Again, there is no issue with the alleged onset date, so it is not clear what role the medical advisor would play in any event. To the extent that Plaintiff suggests that a medical advisor was needed for the ALJ to formulate Plaintiff's RFC, the Court notes that such a determination is within the province of the ALJ. See Chandler v. Comm'r of Soc. Sec., 667 F.3d 356, 361 (3d Cir. 2011) (holding that "[t]he ALJ - not treating or examining physicians or State agency consultants - must make the ultimate disability and RFC determinations"); Titterington v. Barnhart, 174 Fed. Appx. 6, 11 (3d Cir. 2006) (observing that "[s]urveying the medical evidence to craft an RFC is part of an ALJ's duties"); Mays v.
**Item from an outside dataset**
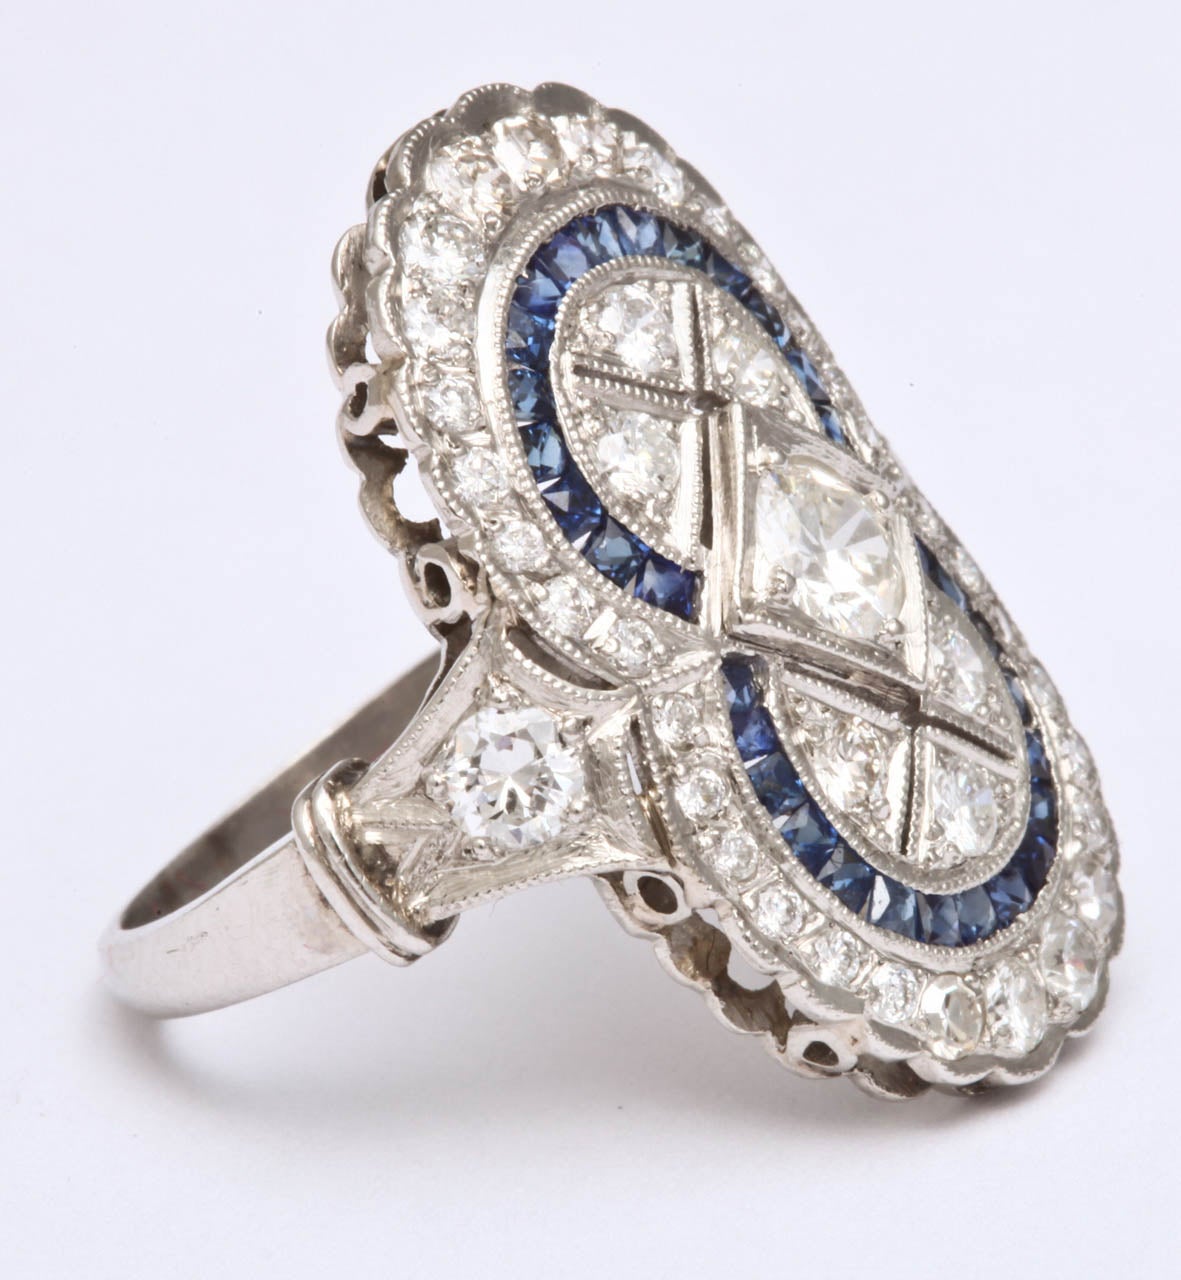 Platinum large cocktail dinner ring in the shape of a figure 8, embellished with numerous custom cut calibre cut sapphires and set with numerous old cut diamonds weighing approximately 1.50 cts; very high quality stones.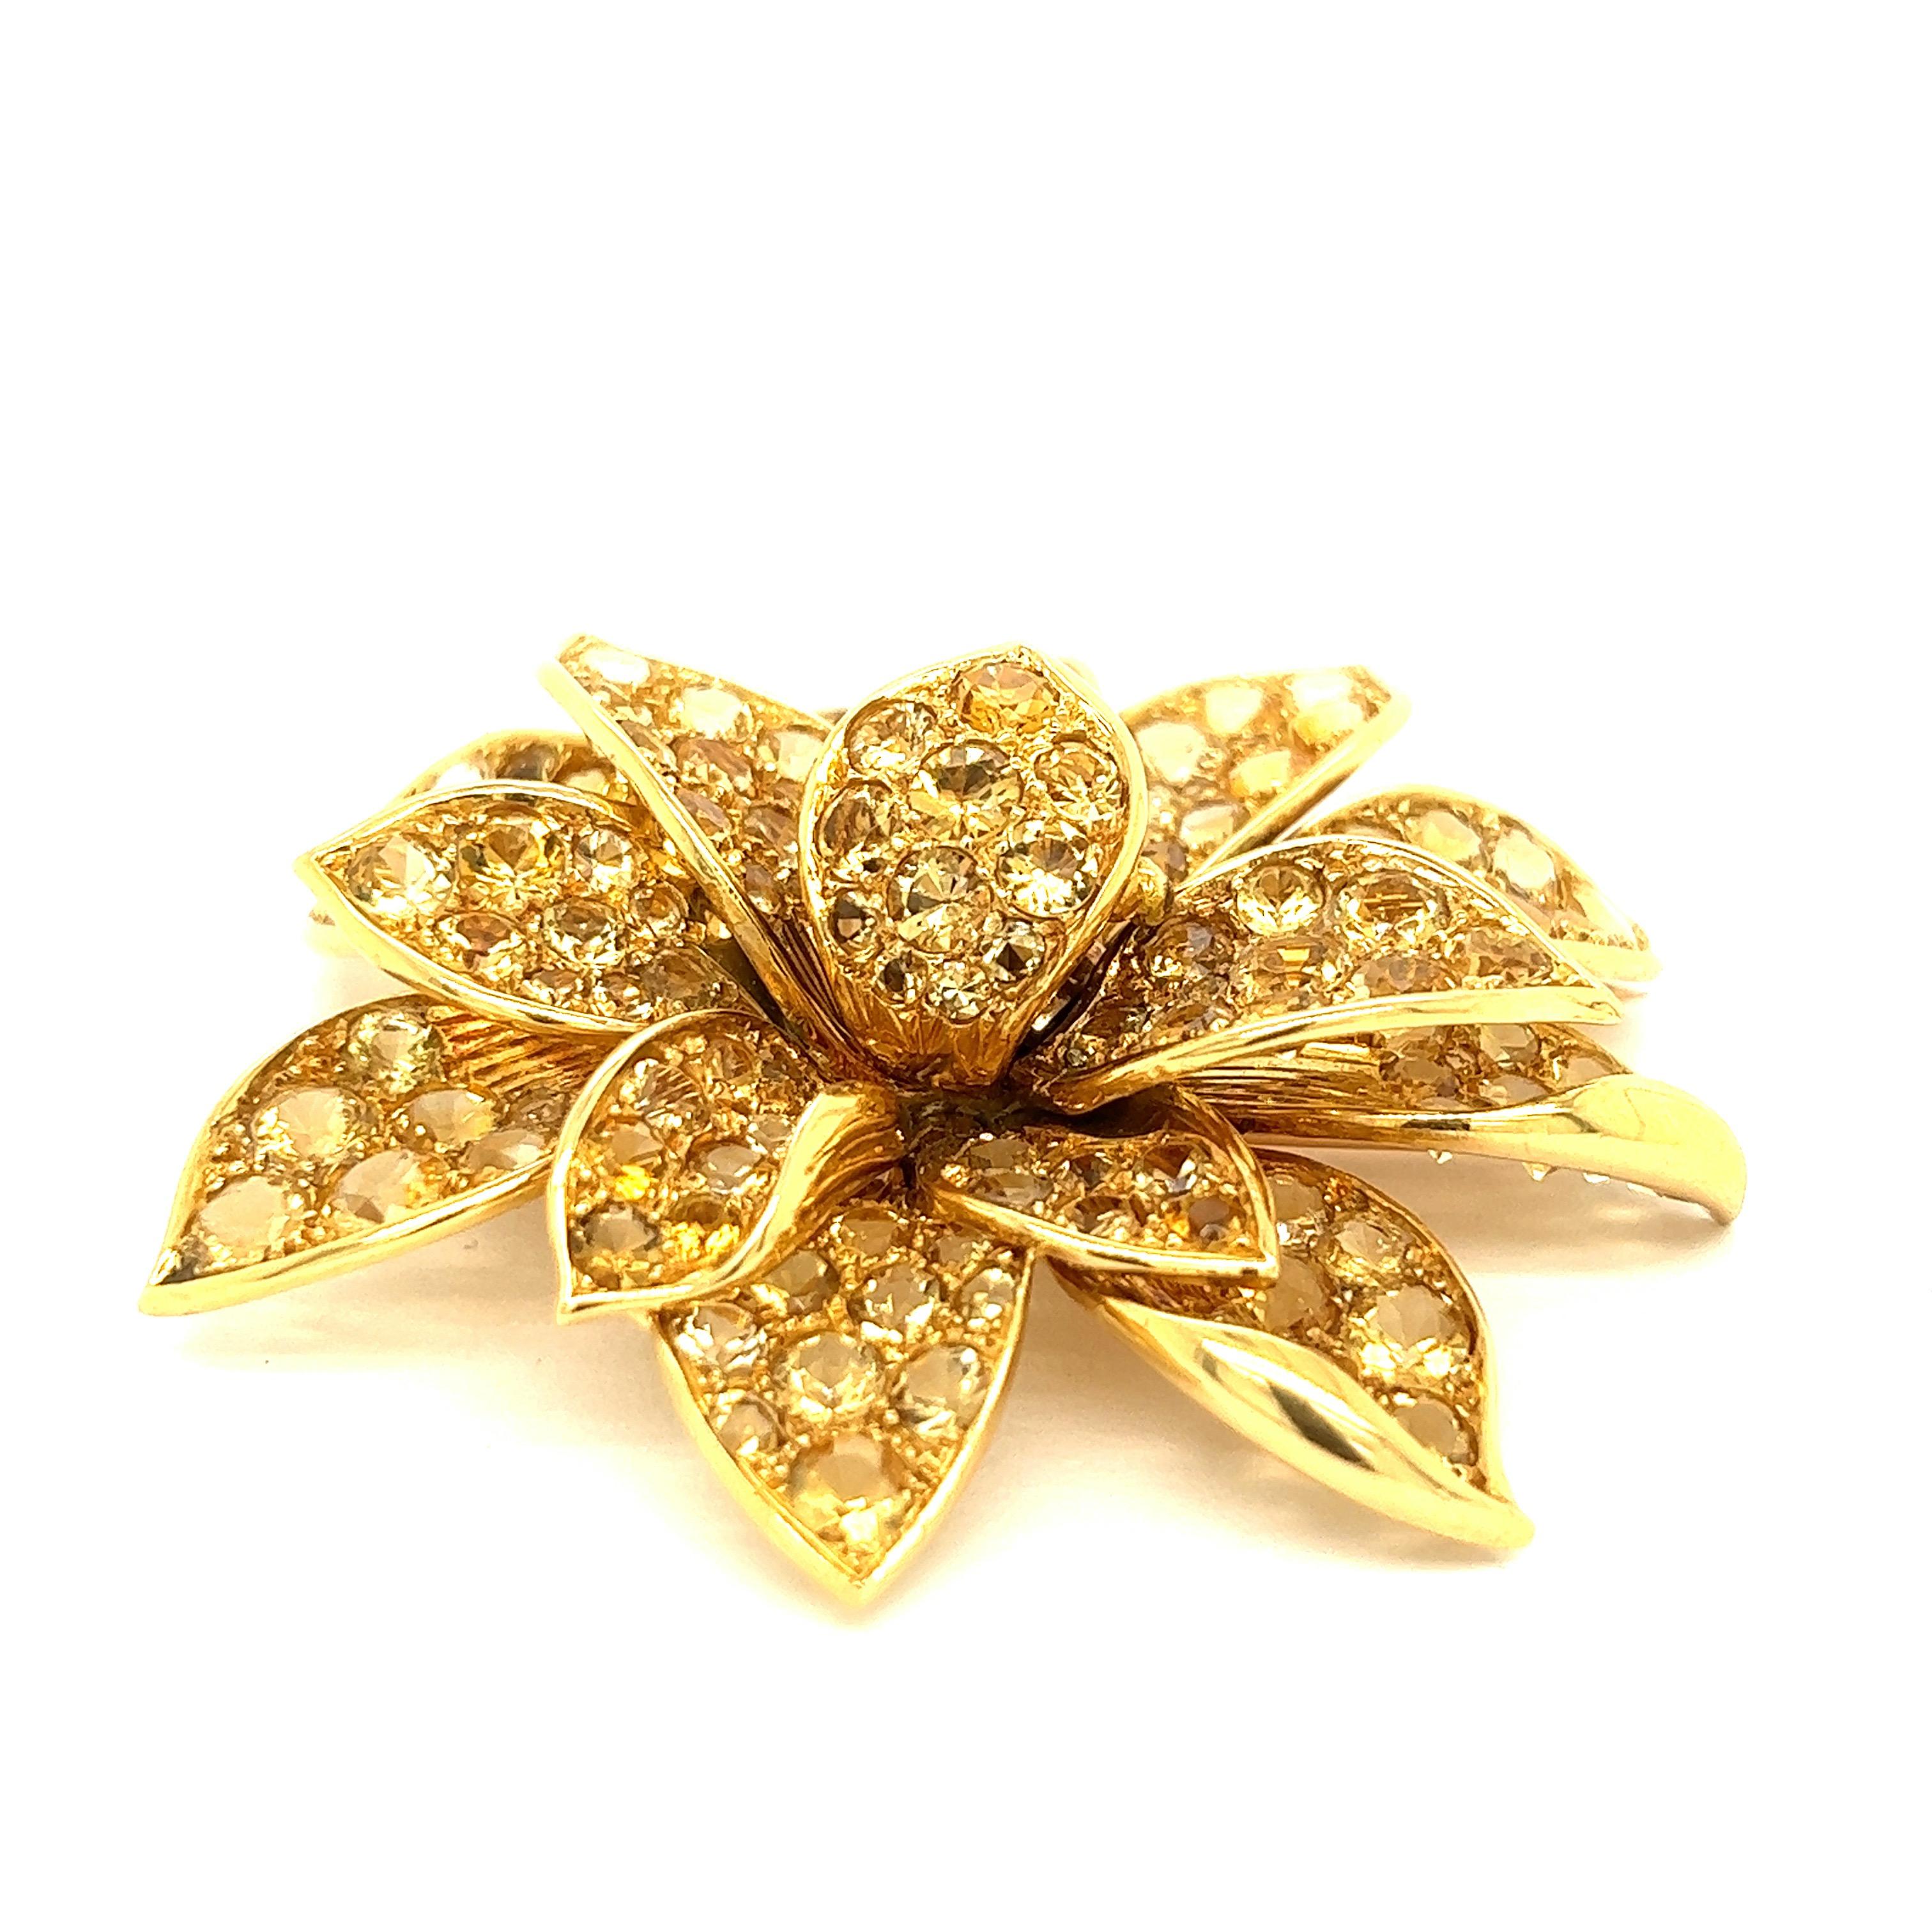 Voirin Sonrel for René Boivin Heliodor Yellow Gold Brooch In Excellent Condition For Sale In New York, NY

Barnhart, 78 Fed. Appx. 808, 813 (3d Cir. 2003); 20 C.F.R. §§ 404.1527(d)(2), 404.1546(c), 416.927(d)(2), 416.946(c); SSR 96-5p, 1996 WL 374183 (S.S.A.) (July 2, 1996). The Court notes that the ALJ discussed all of the record evidence, including Dr. Pacella's opinion and Dr. Getz's evaluation, as well as the numerous other opinions, at significant length in making his findings.
Accordingly, for all of the reasons stated herein, substantial evidence supports the ALJ's decision. The Court therefore affirms.
Therefore, IT IS HEREBY ORDERED that Plaintiff's Motion for Summary Judgment (Doc. No. 15) is DENIED and that Defendant's Motion for Summary Judgment (Doc. No. 19) is GRANTED.